It is interesting to look at the specific program inspection and generation tasks that GOTECH performs. These
include the following (for each Java class that has the appropriate GOTECH input annotation):
• GOTECH generates two isomorphic interfaces—i.e.,
Java interfaces whose methods correspond one-to-one
to the public methods of the class. These are the local and remote interfaces required for the session bean
according to the EJB specification.
• An EJB class (session bean) is generated by cloning
the functionality of the original Java class. The session bean declares that it implements the generated
local and remote interfaces and modifies the original
method signatures to throw the exceptions required by
the distribution middleware.
• An AspectJ aspect is generated to intercept all instantiations and calls to methods of the original Java class.
All such object creations and client calls are now performed on the EJB class.
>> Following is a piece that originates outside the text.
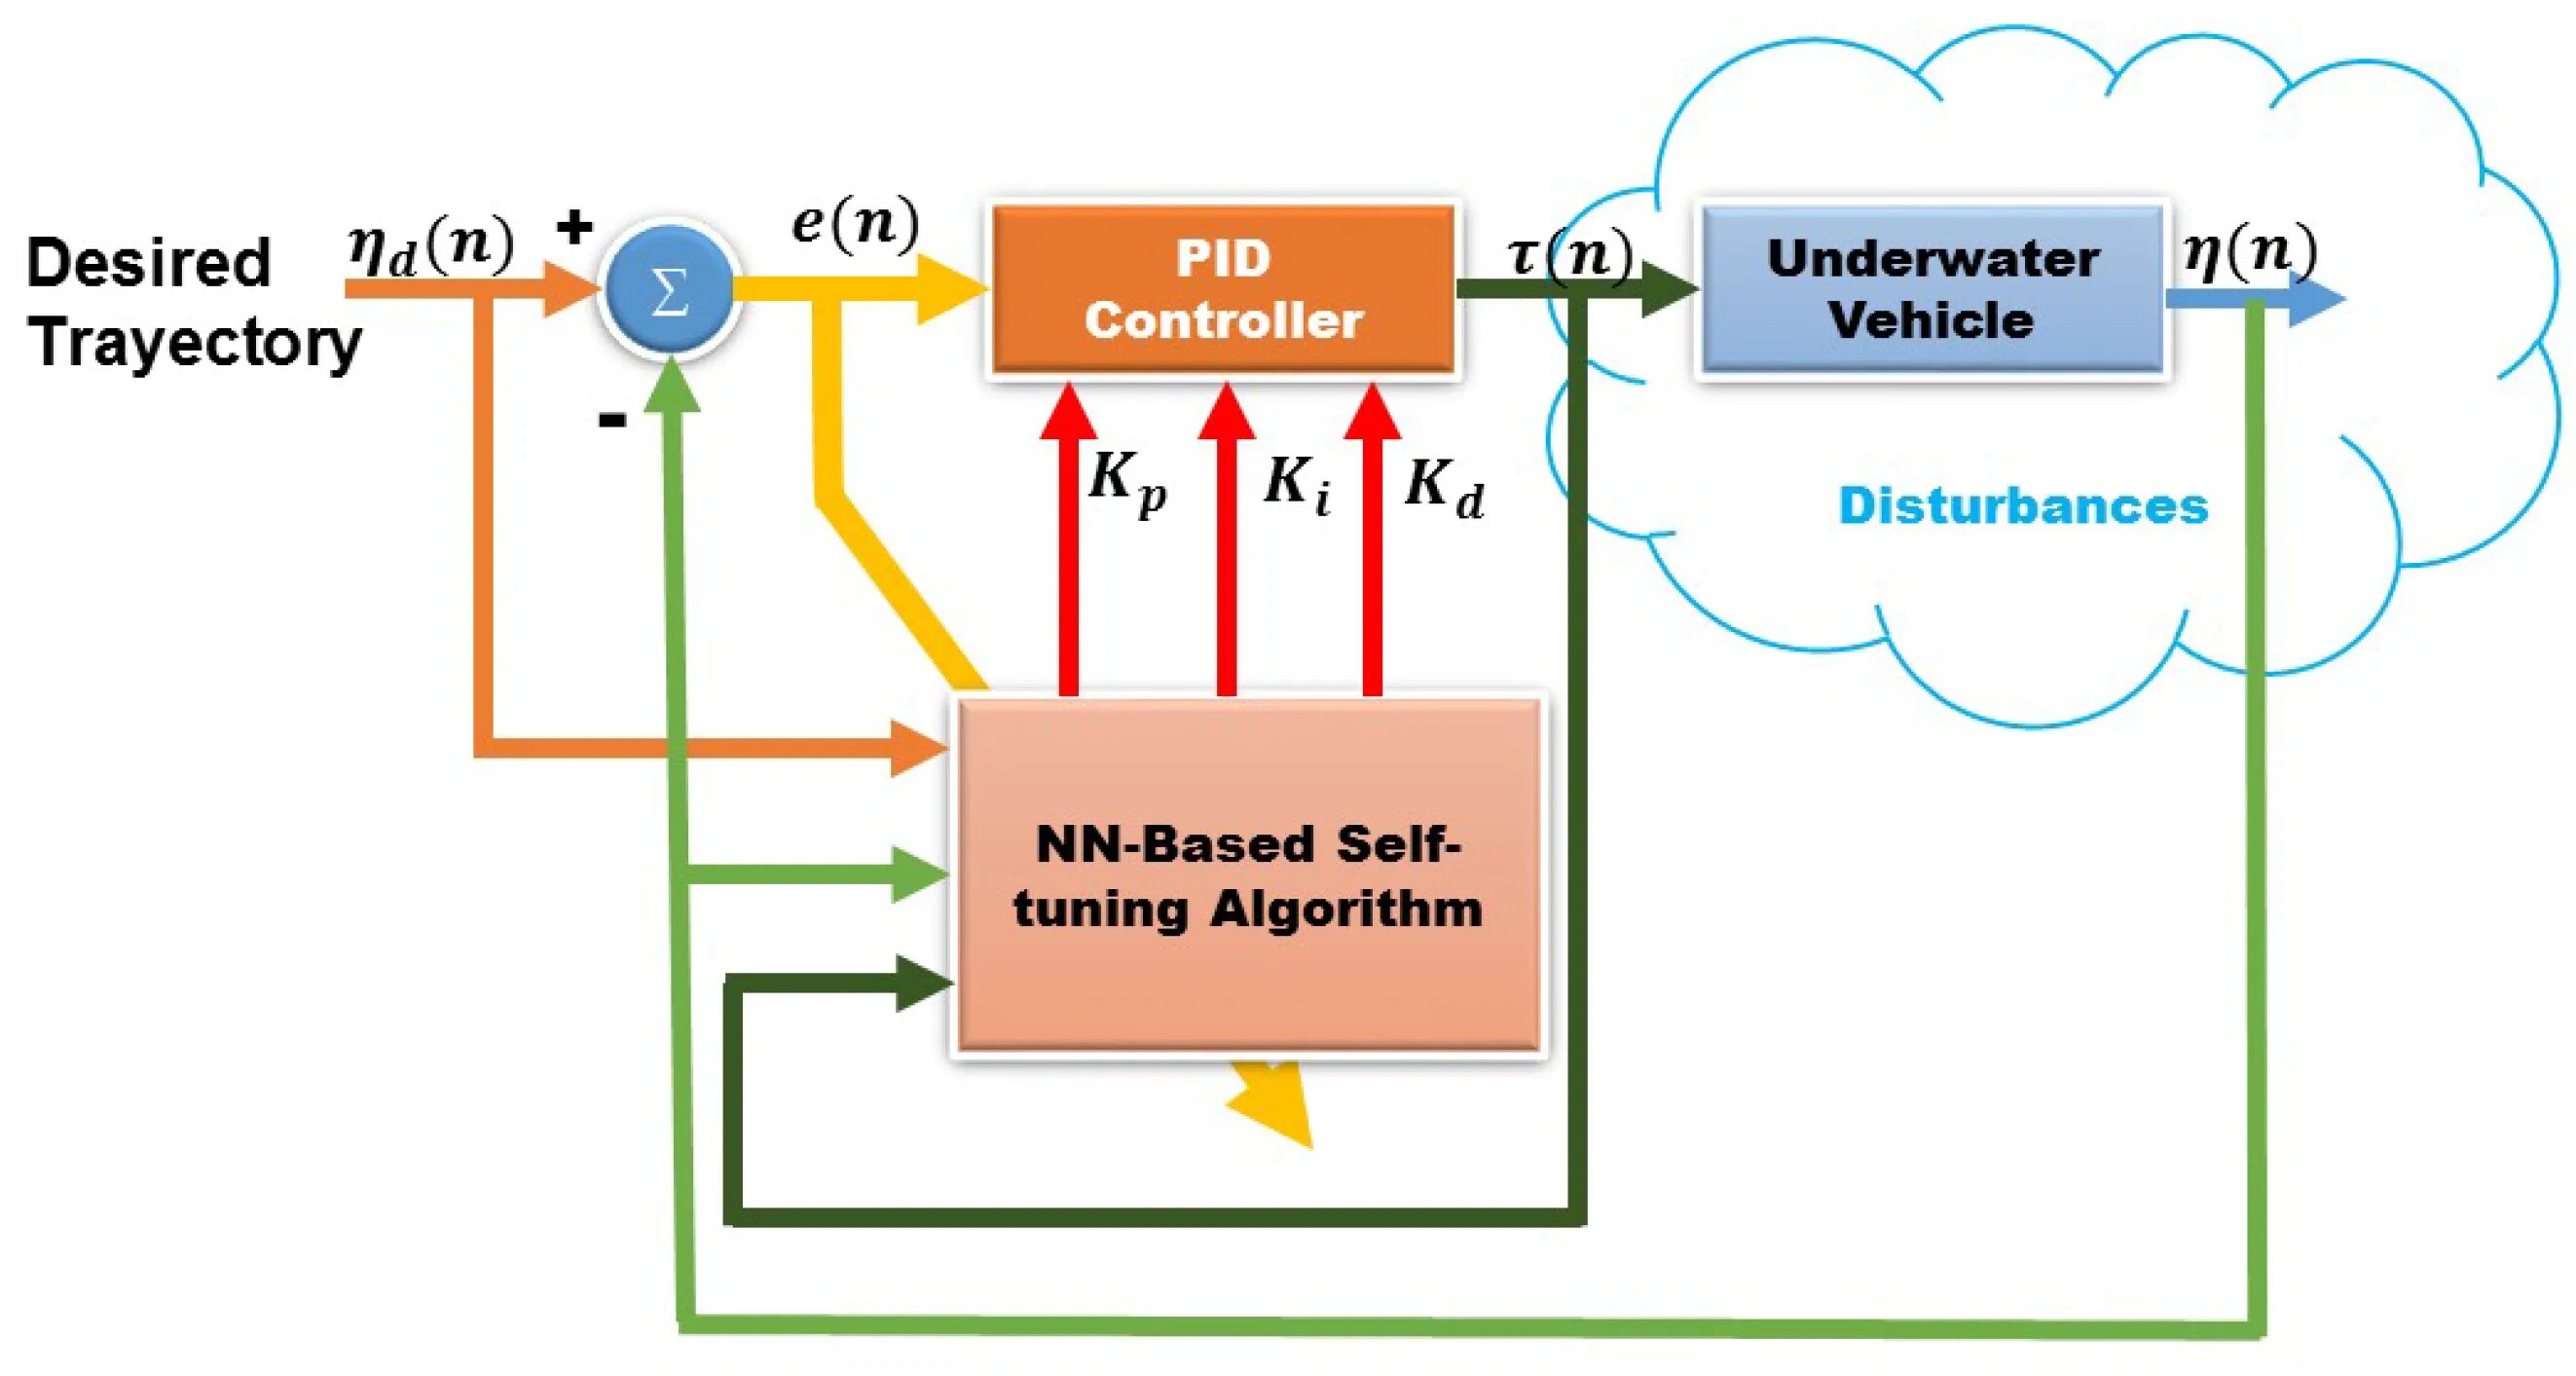 Pid Control. Pid Controller Tuning. Types of pid Controller. Pid Controller HMI. Int pid

• An aspect is generated to make parameter types serializable (i.e., passed by-copy when used as arguments to
remote calls) if necessary, according to user-supplied
annotations.
2.2.2 Using AspectJ in GOTECH
GOTECH illustrates the value of using AspectJ as a
generator back-end. The transformations performed by
GOTECH (e.g., changing all client calls, making parameter types serializable) would be much harder to do without AspectJ. On the other hand, AspectJ alone would not
be able to handle the GOTECH tasks. The GOTECH activities were previously [10] shown impossible to automate
with just AspectJ. For example, AspectJ cannot be used to
create an interface isomorphic to the public methods of a
given class. Additionally, the aspects used are not static—
they need to be custom-generated for the particular input
application. The customization is not just with respect to
the names of classes that need to be transformed. Instead,
complex decisions may need to be made. For instance, the
GOTECH logic making method parameter types be serializable is roughly “the type should be serializable, if neither
it nor its supertypes are already declared to be serializable
and it is not a primitive type.” None of these tests can be
expressed in AspectJ but they are easy to compute using
arbitrary Java code and reflection. Then the right custom
aspect gets generated when applicable.
3. GUARANTEED-LEGAL GENERATORS
In this section we present some thoughts on valuable research directions for meta-programming tools. We discuss
the motivation for statically safe program generation, the
state of the art, and what needs to be addressed next to
support powerful generators.
3.1 What Is Guaranteed-Legal Generation
and Why Do We Need It?
As we saw earlier, the value of a MAJ quoted code fragment is an abstract syntax tree for the code fragment. Representing the generated program as abstract syntax trees is a
standard technique in structured meta-programming tools—
to be contrasted with unstructured, or “text-based” tools.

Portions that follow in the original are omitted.